Exactly as they appear below, repeat the lines from the one with "The Military and" through the one with "A black and", and no others.

■ **Extracted material**:
+---+

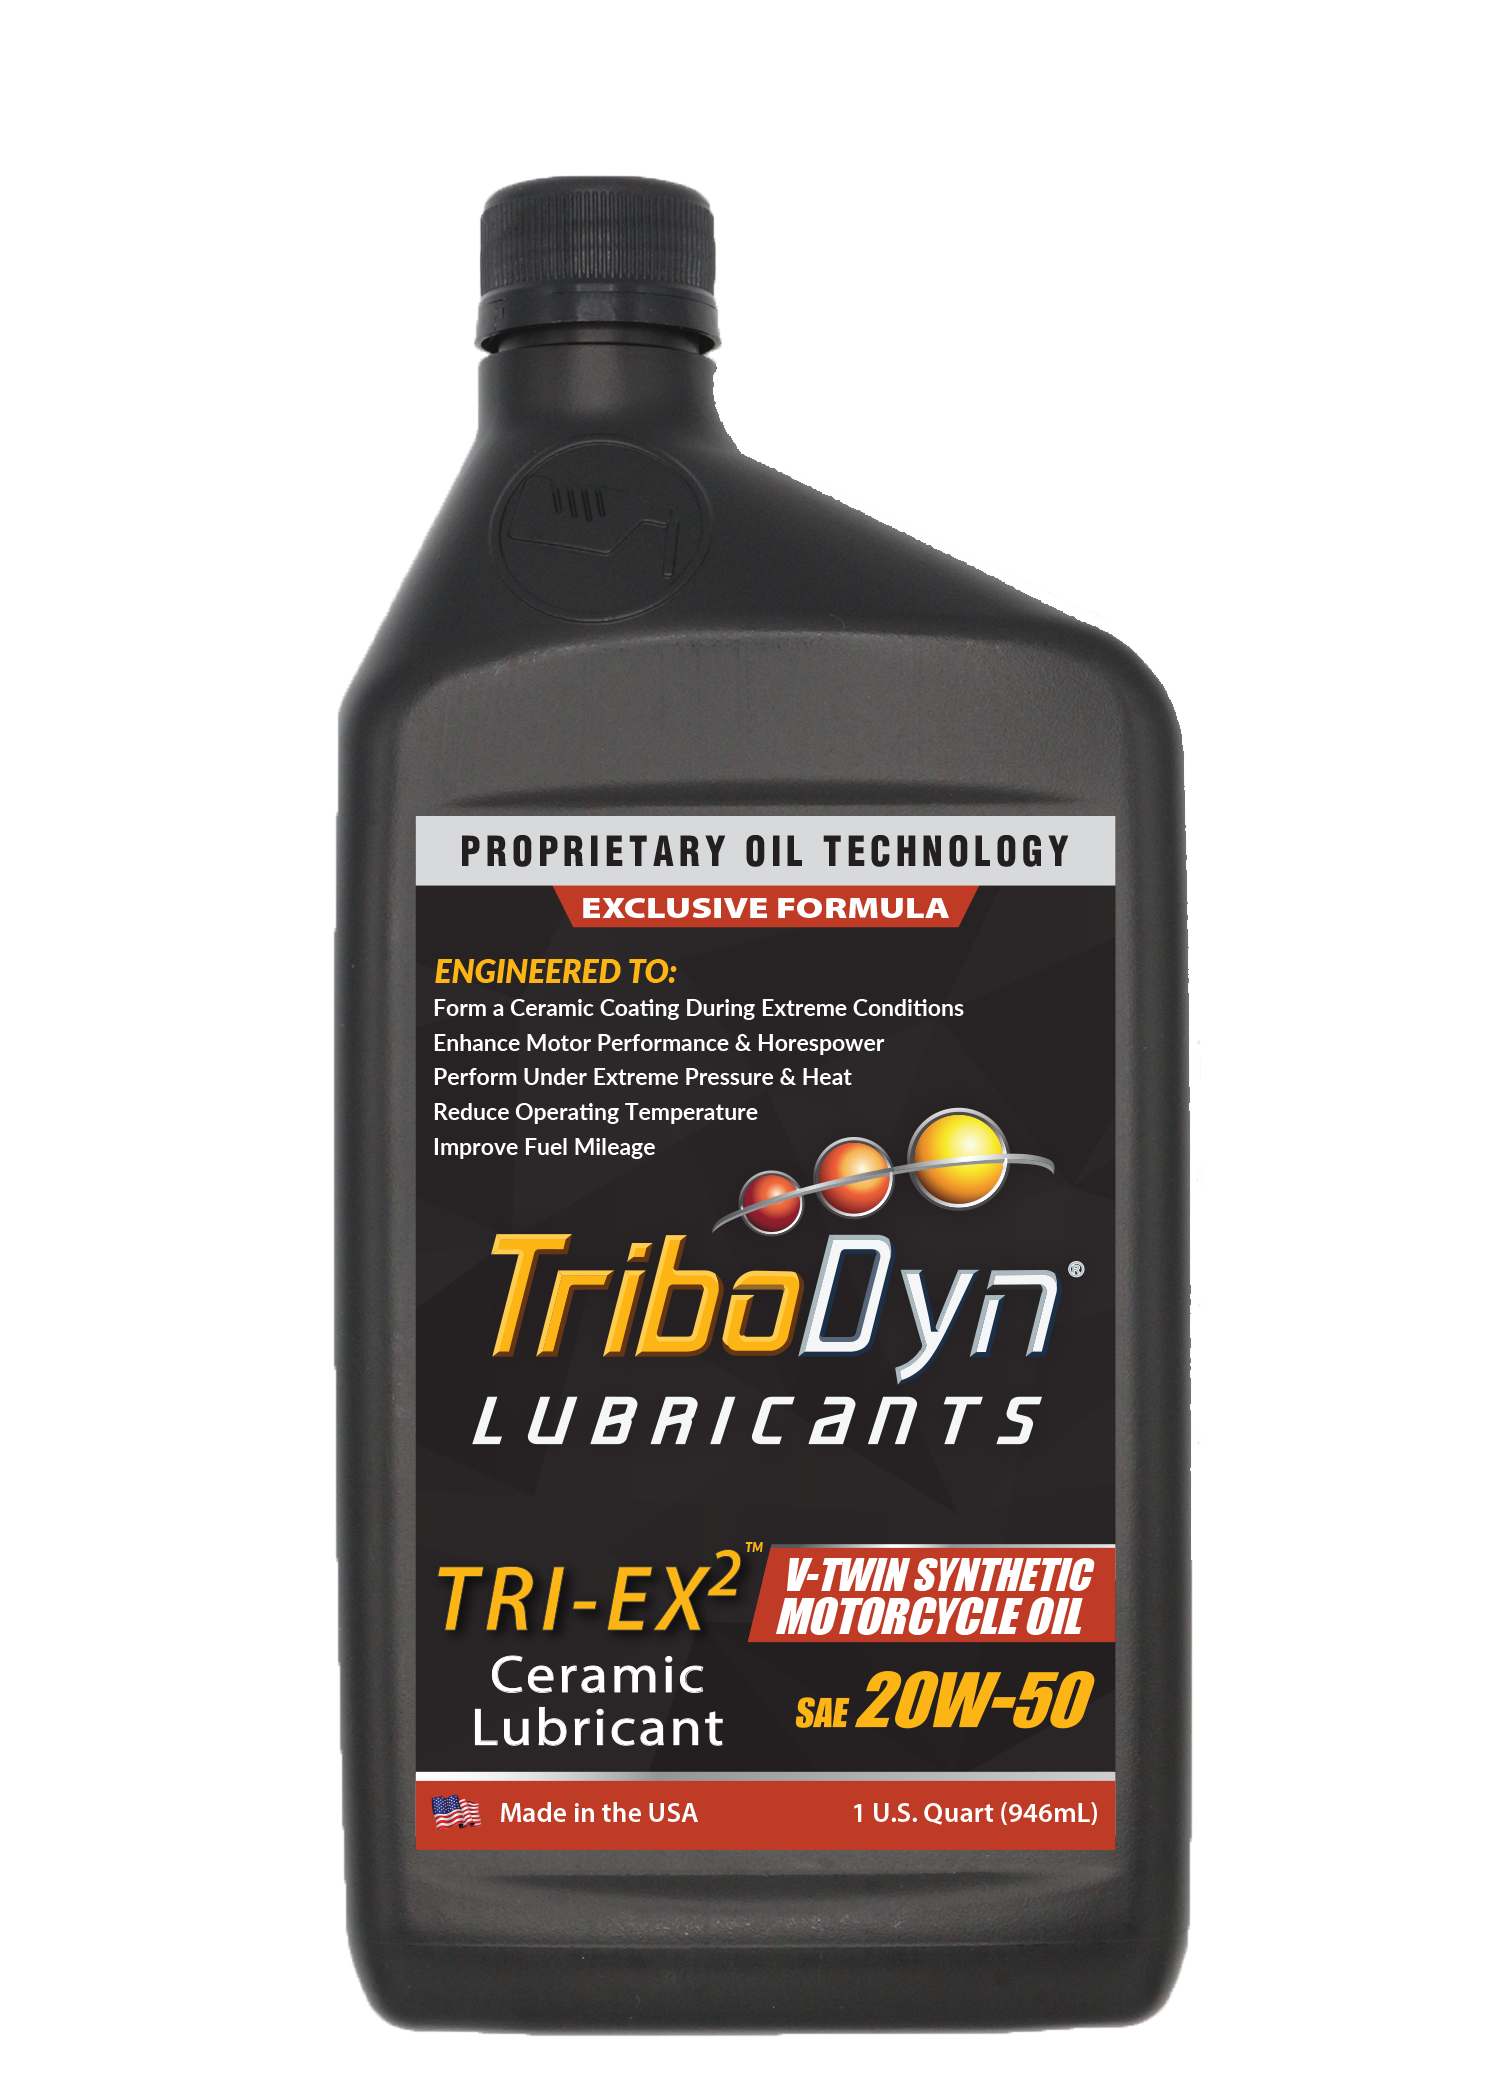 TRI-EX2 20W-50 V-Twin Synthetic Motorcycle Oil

+---+

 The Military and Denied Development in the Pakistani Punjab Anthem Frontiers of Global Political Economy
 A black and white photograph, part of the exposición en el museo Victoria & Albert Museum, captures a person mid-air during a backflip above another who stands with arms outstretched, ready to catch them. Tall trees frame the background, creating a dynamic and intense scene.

+---+

■ **Answer to this task**:
 The Military and Denied Development in the Pakistani Punjab Anthem Frontiers of Global Political Economy
 A black and white photograph, part of the exposición en el museo Victoria & Albert Museum, captures a person mid-air during a backflip above another who stands with arms outstretched, ready to catch them. Tall trees frame the background, creating a dynamic and intense scene.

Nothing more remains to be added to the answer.